Big Data has managed to catch the attraction of many companies in the world and they are relying heavily on their Big Data to understand the behaviors of their customers. But in all this we fail to understand one thing and that is Big Data is not about real-time vs. batch processing. But given the number of options it has to offer such a common man's perspective about it is neither surprising nor controversial.
But, still if one has to scale it’d rather be more controversial than more surprising. Controversial is the nature of the infrastructure required in order to get the most out of Big Data. Analytics is very addictive and it soon converts into a problem if one’s infrastructure is unable to keep up with the requirements of the Data Structure.
There is definitely more than Spark or Hadoop to the success of big data and that is infrastructure. Definitely, the cloud has a big role to play in Big Data analytics but the much bigger factor here is the data processing and that totally depends on the infrastructure.
Though, the cloud is emerging as an increasingly popular option for the purpose of testing and developing the new analytics application and also for the processing of the big data which is being generated outside the walls of the enterprise.

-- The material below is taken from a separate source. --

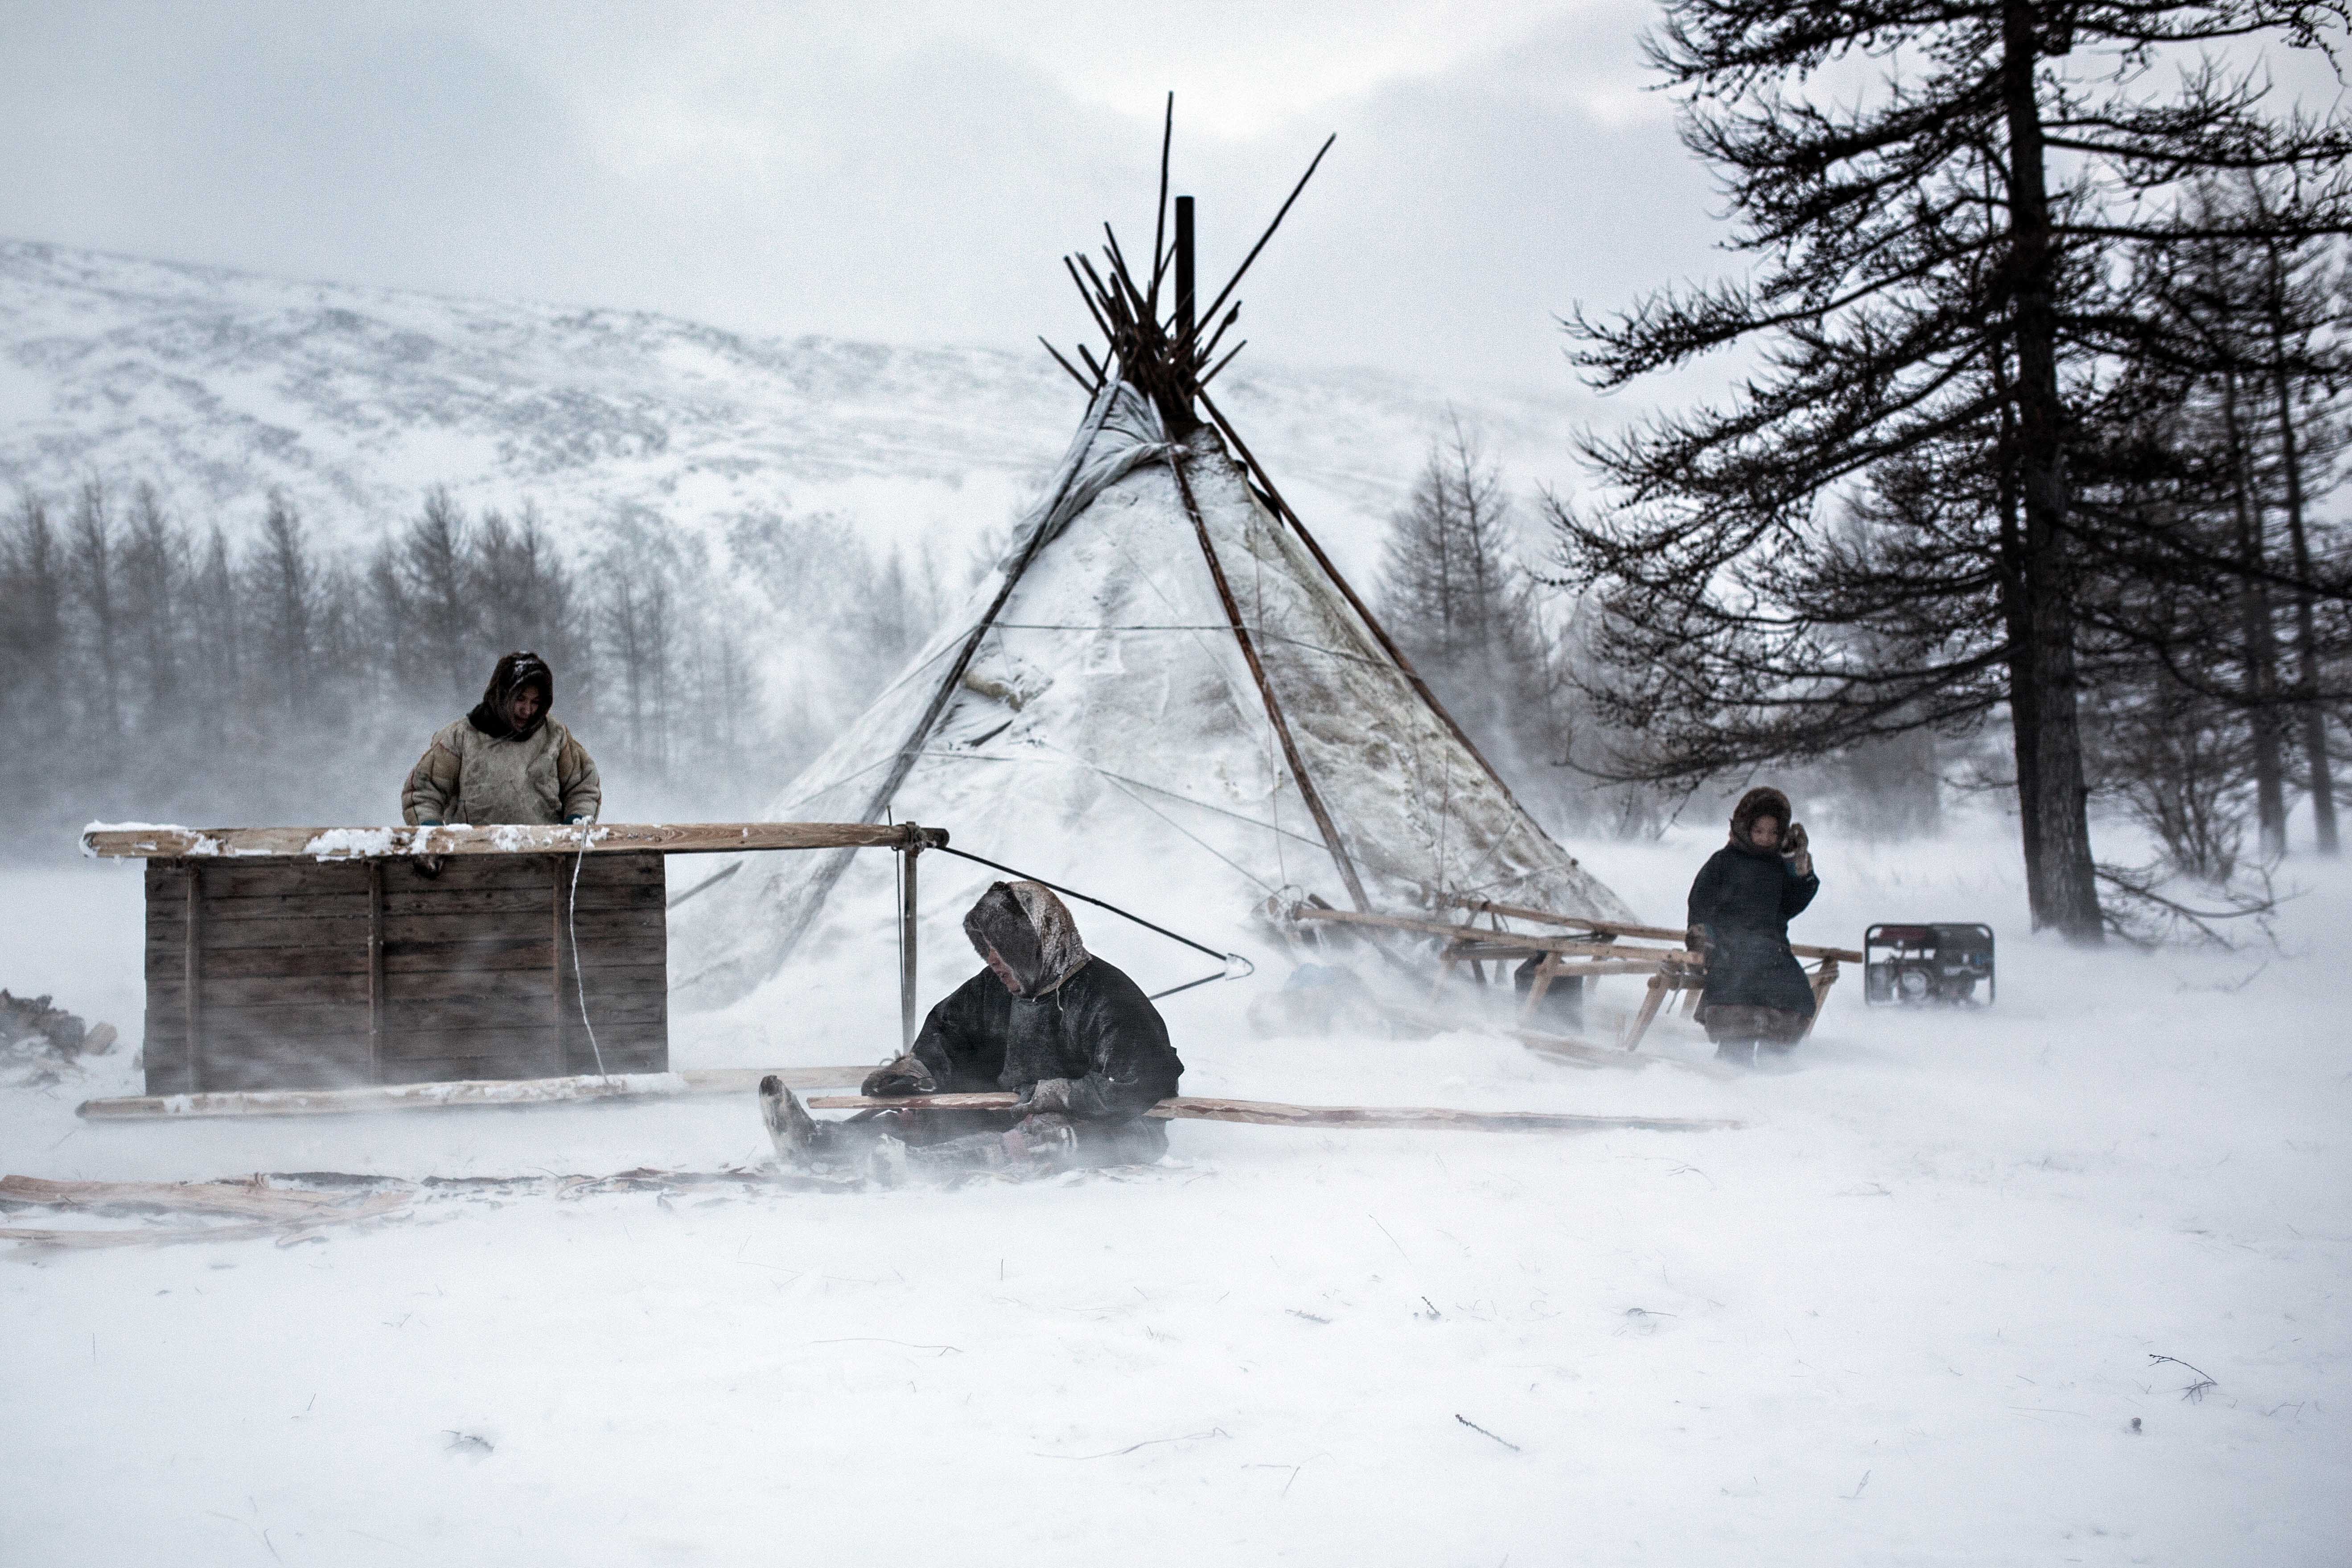 During winters, these Nomads slow down their migration towards green pastures setting for several days in the camp. Chums (tents), made by wooden sticks and reindeer skin, are built in couple of hours to protect them from the strength of nature.

There are three main components to the analytics system and they are:
Some of the most famous data services like AWS provide multiple ways to store the single source of truth and they vary from S3 storage to databases like DynamoDB or RDS to data warehousing solutions like Redshift.
This data from the single source of truth is often augmented with streaming data such as website clickstream or financial transactions. In this regard AWS offer Kinesis for real-time data processing other options like Apache Storm and Spark also exist.
Task clusters are a group of instances running on the distributed network specifically for a very specific task such as data visualization.
With these components Big Data is not about real-time vs. batch processing but is all about the broad set of tools which allow you to handle data in many ways.
Real-time data processing is absolutely very important but it is an additive part of the big data ecosystem.
Many believe that Big Data is only related to large volumes of data and tend to neglect the complexities inherent in the variety and velocity of data and even the term volume is not as simple as it may sound.
The real challenge in dealing with data is not the absolute scale of the data but rather the relative scale of the data. Today’s business world wants a platform which allows it to move from one scale to another easily and graciously because those who go out and buy expensive infrastructure to answer one problem notice that by the time they get around to answering the question the real question has changed and the business world has moved on.
Cloud is great but it not ultimate “all in on cloud” vs. “all in on premise” situation. In case where the bulk data is being created on the premise analytics will remain stuck to the premise and in another case where the data is created using stream processing the natural starting point is the cloud.